Grafana monitoring tikv detail-raft IO commit log duration: raft log writing to local rocksdb and sending to other roles, you can appropriately adjust raft-maxinflight-msgs.

Grafana monitoring tikv detail-raft IO apply log duration: actually executing raft log and writing data into rocksdb kv. If it’s high, check whether rocksdb kv is writing slowly or experiencing flow control.

| username: h5n1 | Original post link

What is the write frequency for high-frequency writes? TiDB has a relatively long write path. Write operations are converted into Raft logs, which are written to RaftDB. These Raft logs then need to be applied and written to the KV DB. Locking and unlocking operations also involve data persistence. Additionally, there is internal compaction in RocksDB. High-frequency index writes require high IO utilization. Disk performance can be referenced as follows:

"IOPS is divided into read and write parts. The high IOPS claimed by cloud disks are mostly achieved through caching to improve read IOPS. Disk performance also includes bandwidth and fdatasync. TiKV requires disk sync operations during data writes to ensure data is flushed from the buffer to the hardware before returning to the business side, specifically through the fdatasync system call.

TiKV disk recommendations are a write bandwidth of over 2GB/s and more than 20K fdatasyncs per second. In tests with 4KB high-concurrency direct writes, P99.99 should be less than 3ms. You can use the latest version of fio or the pg_test_fsync tool for testing. You can add the -fdatasync=1 option for testing, for example, high concurrency with each write of 4k and each fsync:

fio -direct=0 -fdatasync=1 -iodepth=4 -thread=4 -rw=write -ioengine=libaio -bs=4k -filename=./fio_test -size=20G -runtime=60 -group_reporting -name=write_test

Performance references for fdatasync:
Reference 1: Non-NVMe SSDs have fdatasync/s of about 5~8K/s
Reference 2: Early NVMe SSDs have fdatasync/s of about 20~50K/s
Reference 3: Current mature PCIe 3 NVMe SSDs have fdatasync/s of about 200~500K/s"
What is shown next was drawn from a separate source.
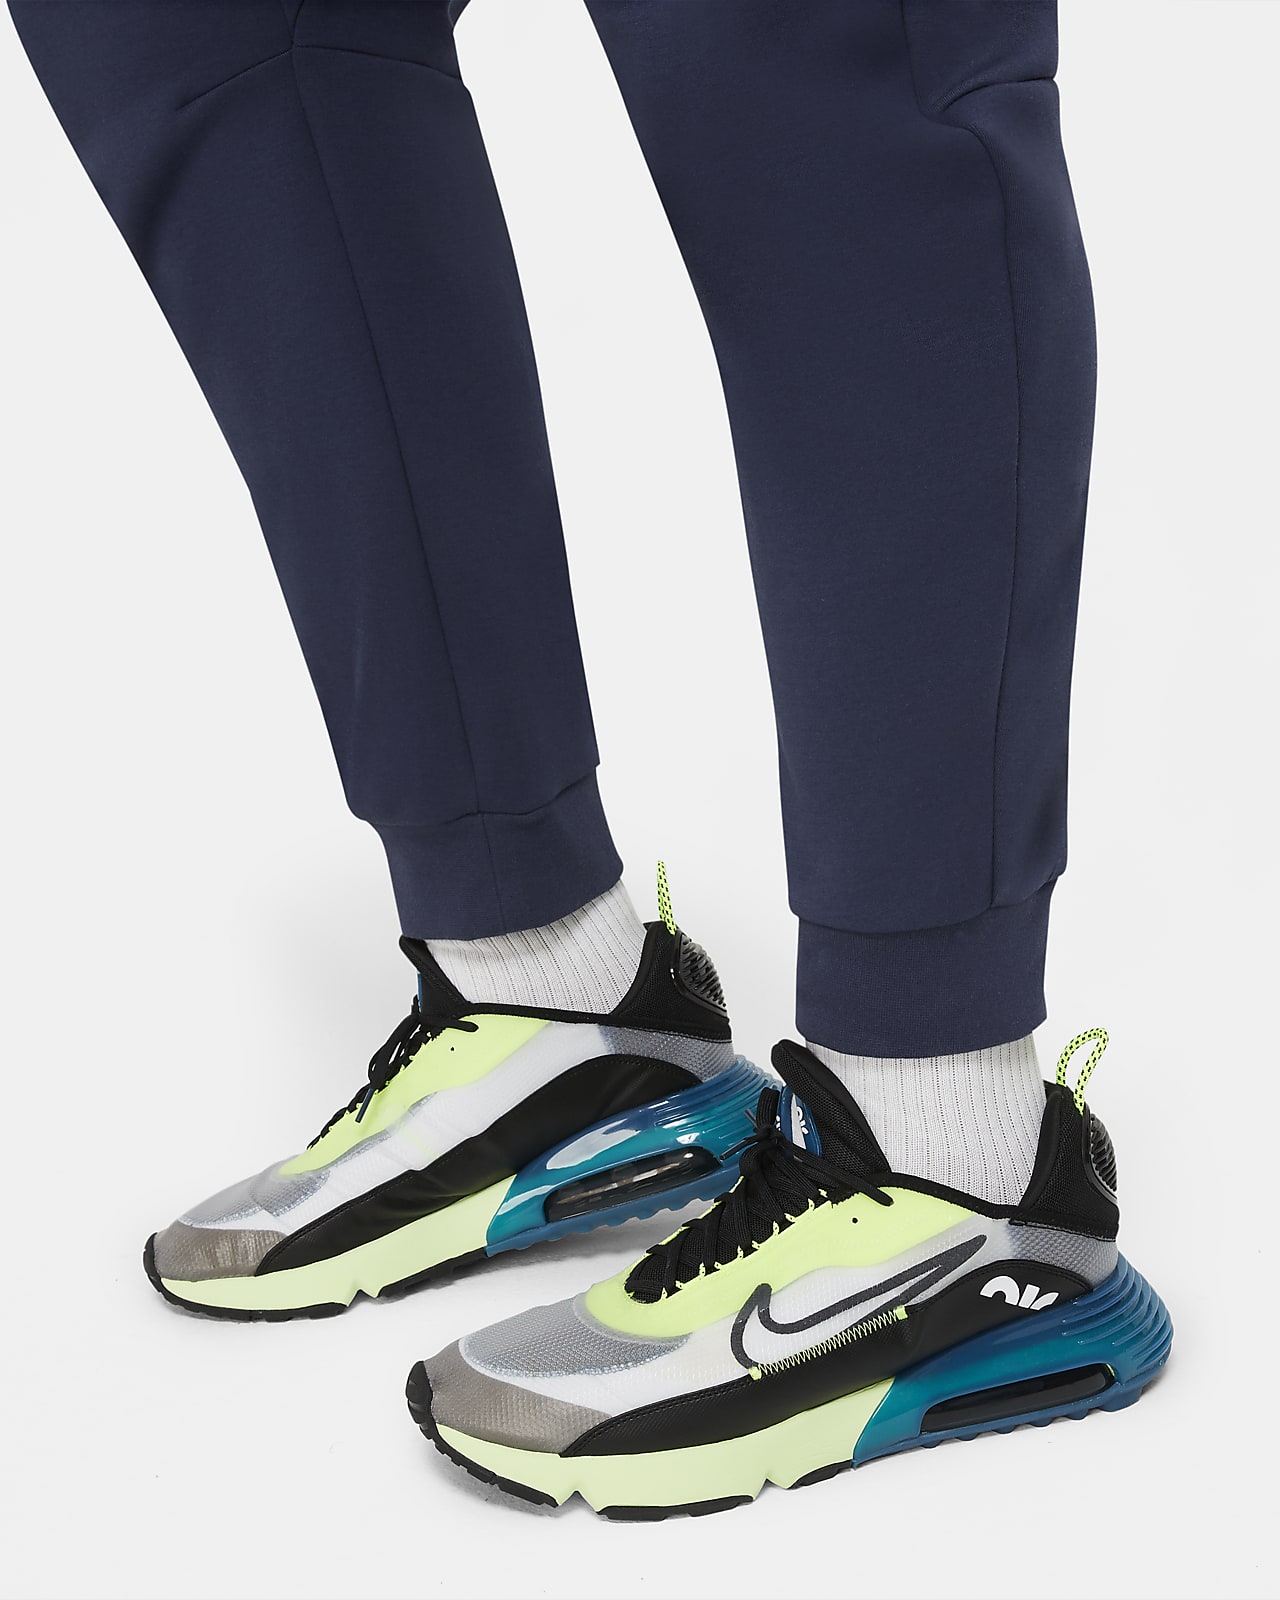 Nike Men's Sportswear Tech Fleece Joggers Green Camo Pants CJ5981 222 Small  S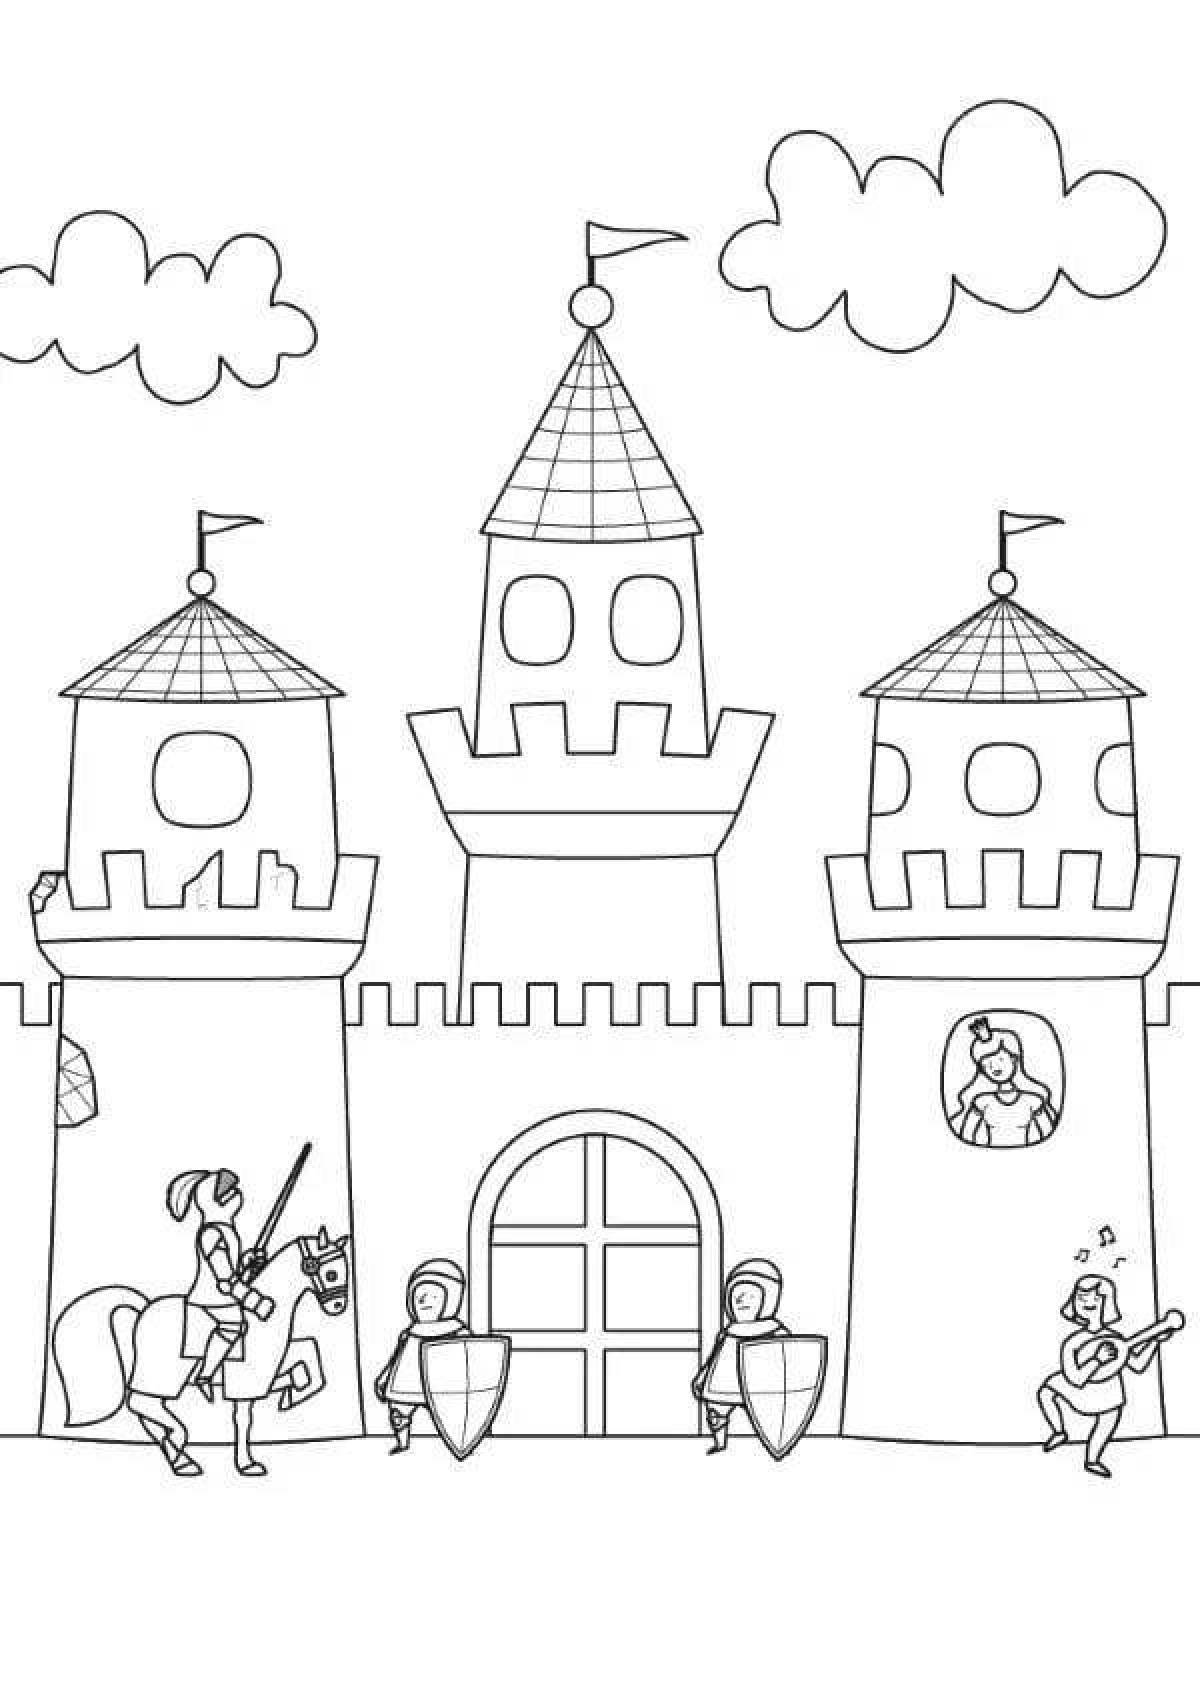 Coloring book bright knight's castle

| username: 我是咖啡哥 | Original post link

Could you describe the specific test scenario in more detail? What does the table creation statement look like? Any relevant monitoring graphs? The IO utilization is very high, how is the write speed? How does it compare to MySQL?

| username: ShawU | Original post link

The scenario involves updating time-series data points, as shown in the screenshot. About 3000 data entries are inserted into the database in roughly 10ms. I’m not sure if this efficiency is problematic. When querying the final database, the difference between the business time and the current system time is over 10 seconds.

| username: ShawU | Original post link

Currently using Alibaba Cloud’s NVMe SSD, with read and write speeds of 6GB/s and 3GB/s respectively.

| username: h5n1 | Original post link

Refer to the troubleshooting for slow write processes. A speed of 3000 entries in 10ms should be acceptable.

| username: ShawU | Original post link

At present, it seems that there are too many idle threads in the program, leading to insufficient resource utilization. Is this MySQL performance comparison valuable? 数字中国·星火文集 | TiDB与MySQL压测对比实践 - 神州信息新闻 - 神州信息官网-成为领先的金融数字化转型合作伙伴


| username: tidb狂热爱好者 | Original post link

Your disk is constantly writing. Check if it’s frequently scheduling.